__Dataset section__.
- Opening Delimiter -
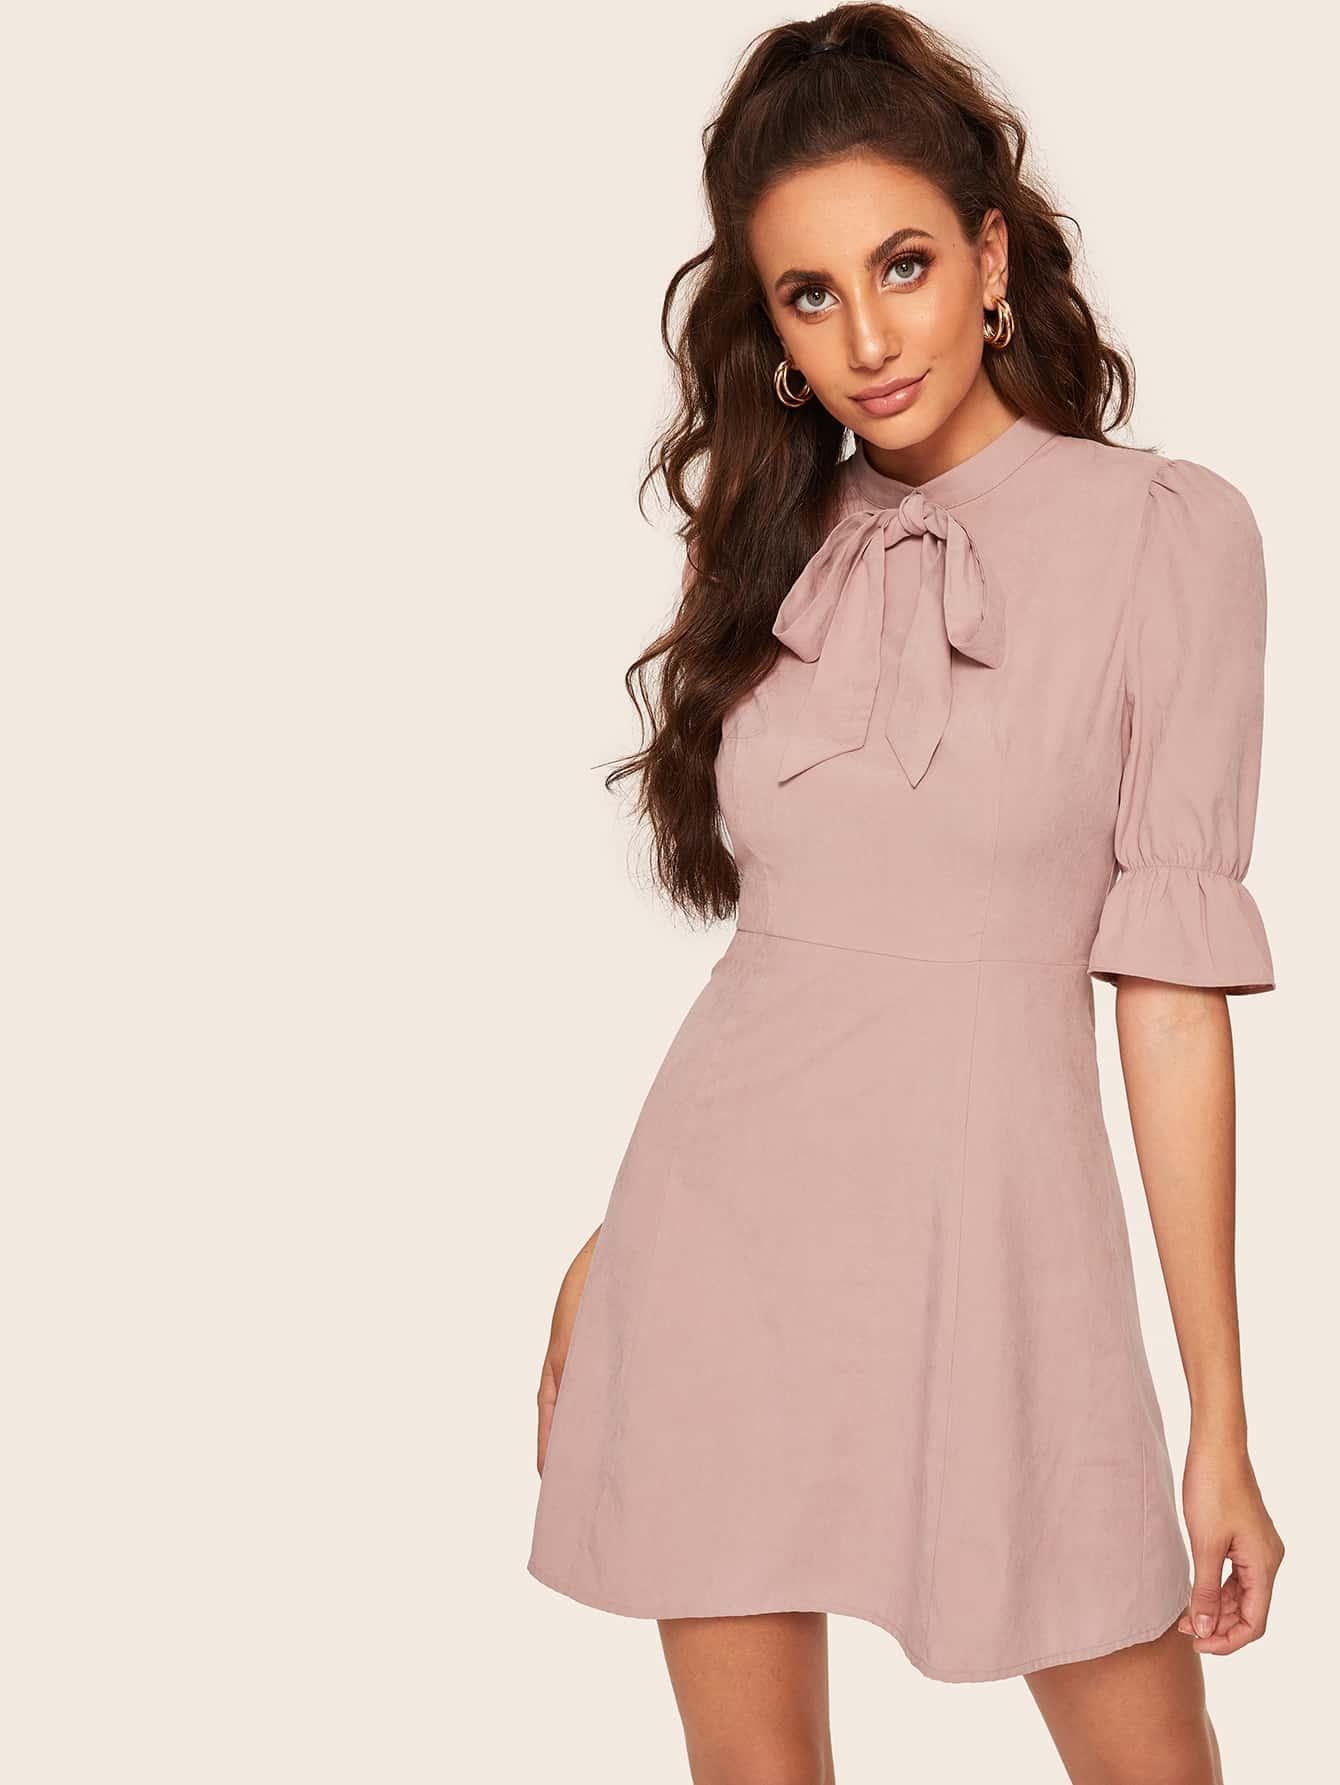 Купить Приталенное платьее-клёш с бантом и оборкой, Mariana D, SheIn
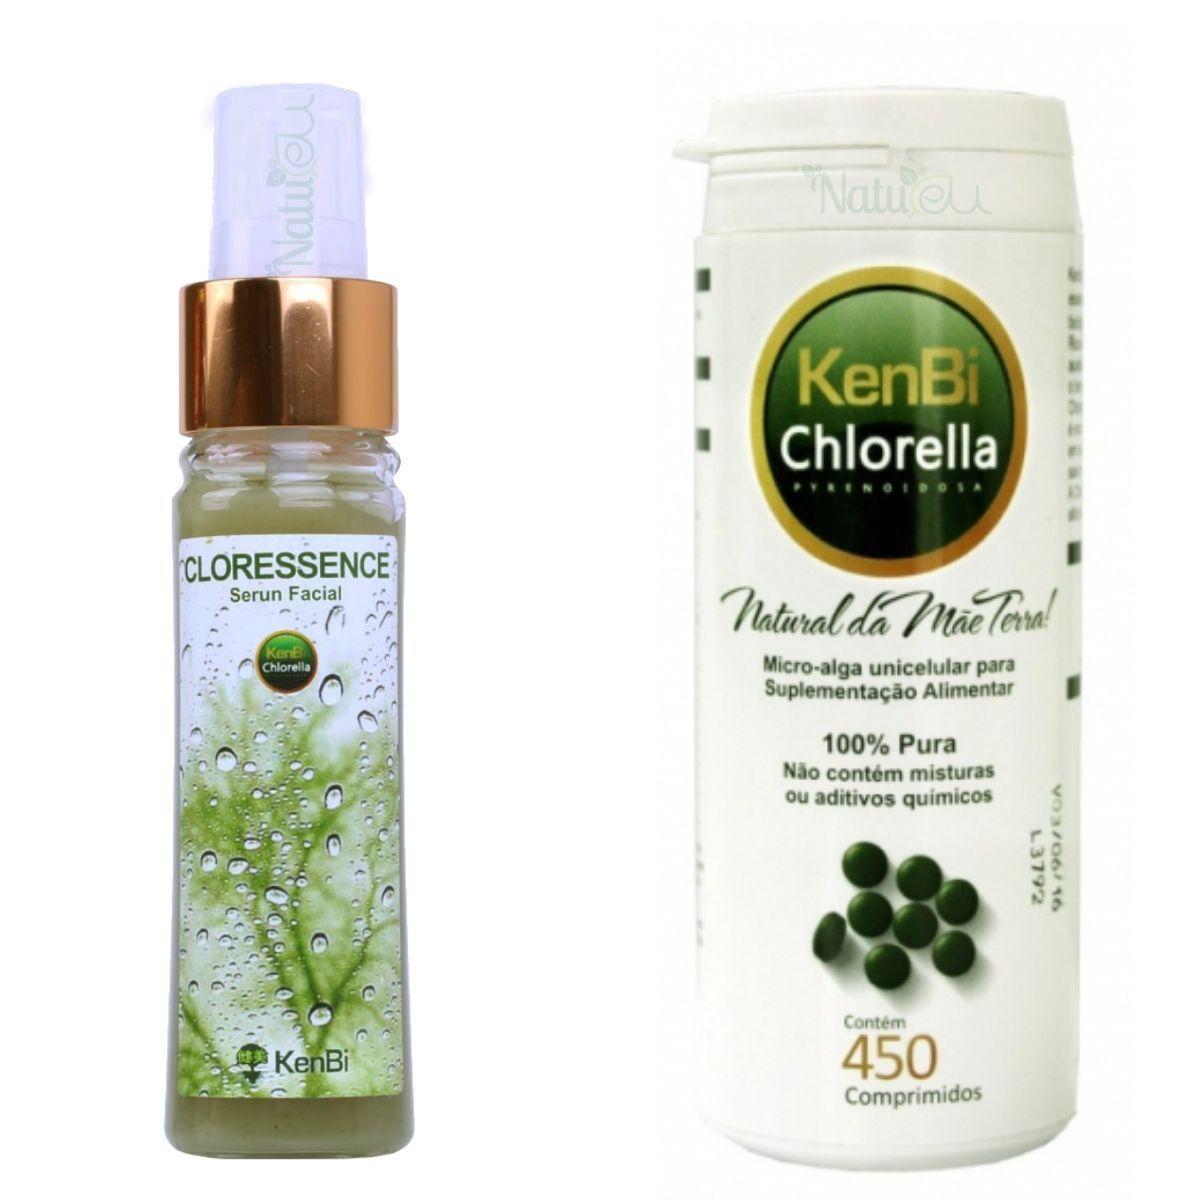 Chlorella Serum Facial - 45 ml Kenbi + Chlorella Kenbi 450 Comp
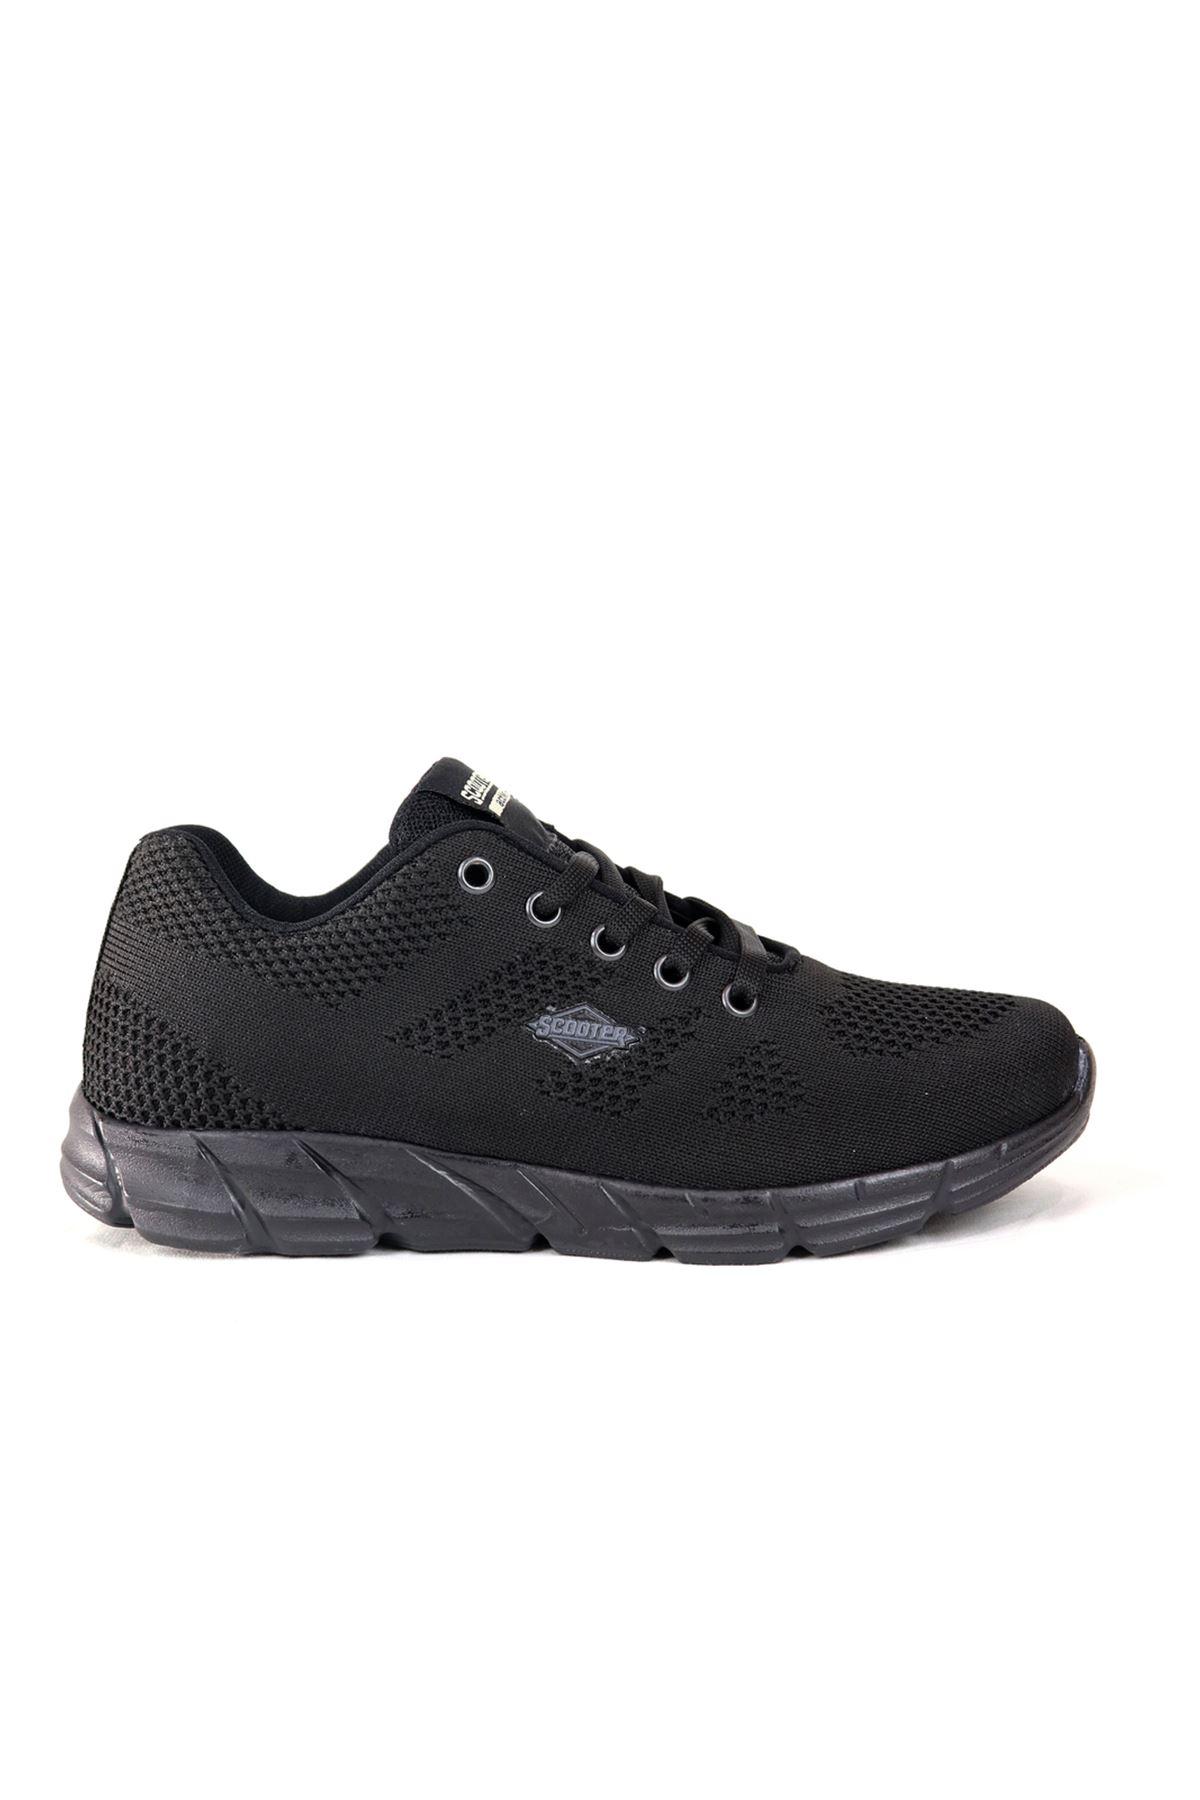 SCOOTER - Genlight- Siyah Kadın Spor Ayakkabısı
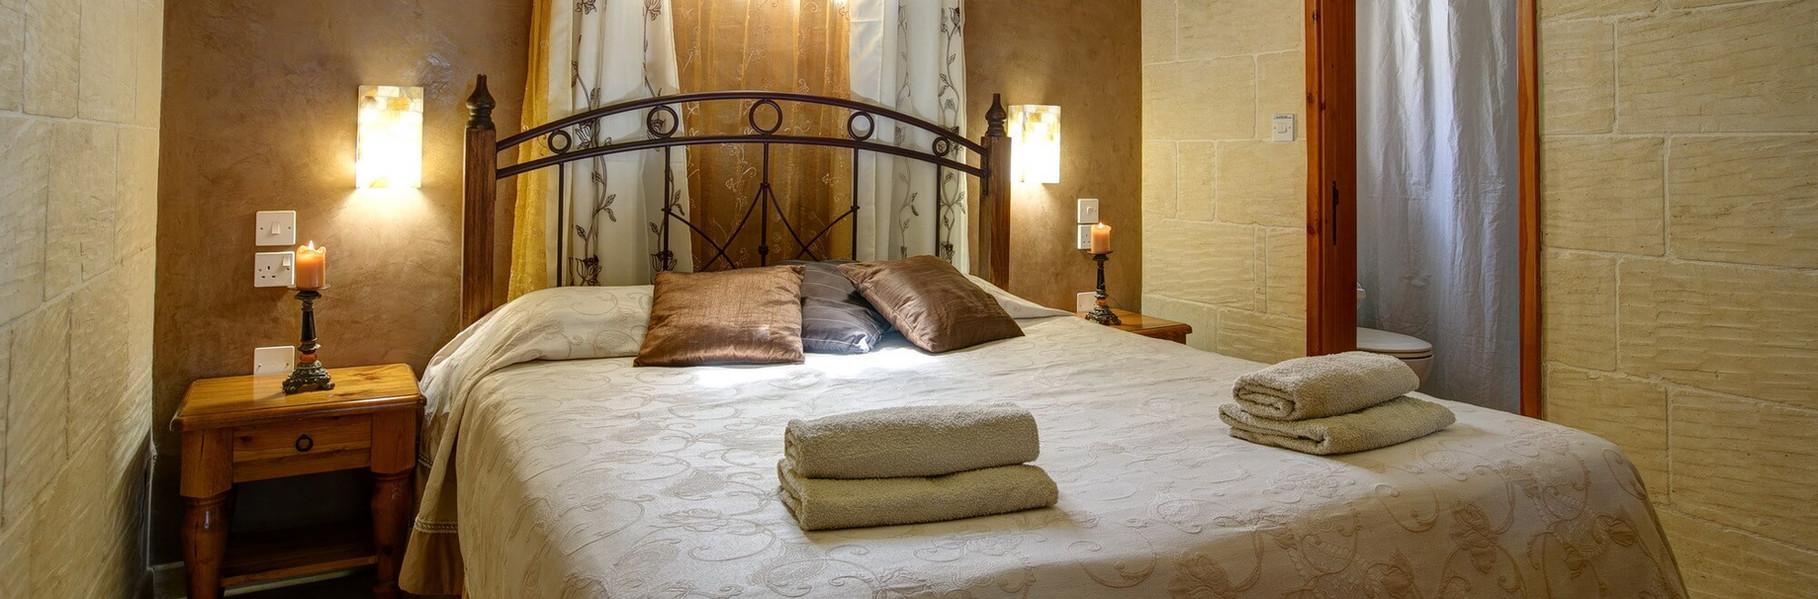 bedroom2-villa1.jpg
- Closing Delimiter -
__What is required__.
Everything in the listing above must be retyped exactly, except for the pictures.

__Answer to this task__.
 Купить Приталенное платьее-клёш с бантом и оборкой, Mariana D, SheIn
 Chlorella Serum Facial - 45 ml Kenbi + Chlorella Kenbi 450 Comp
 SCOOTER - Genlight- Siyah Kadın Spor Ayakkabısı
 bedroom2-villa1.jpg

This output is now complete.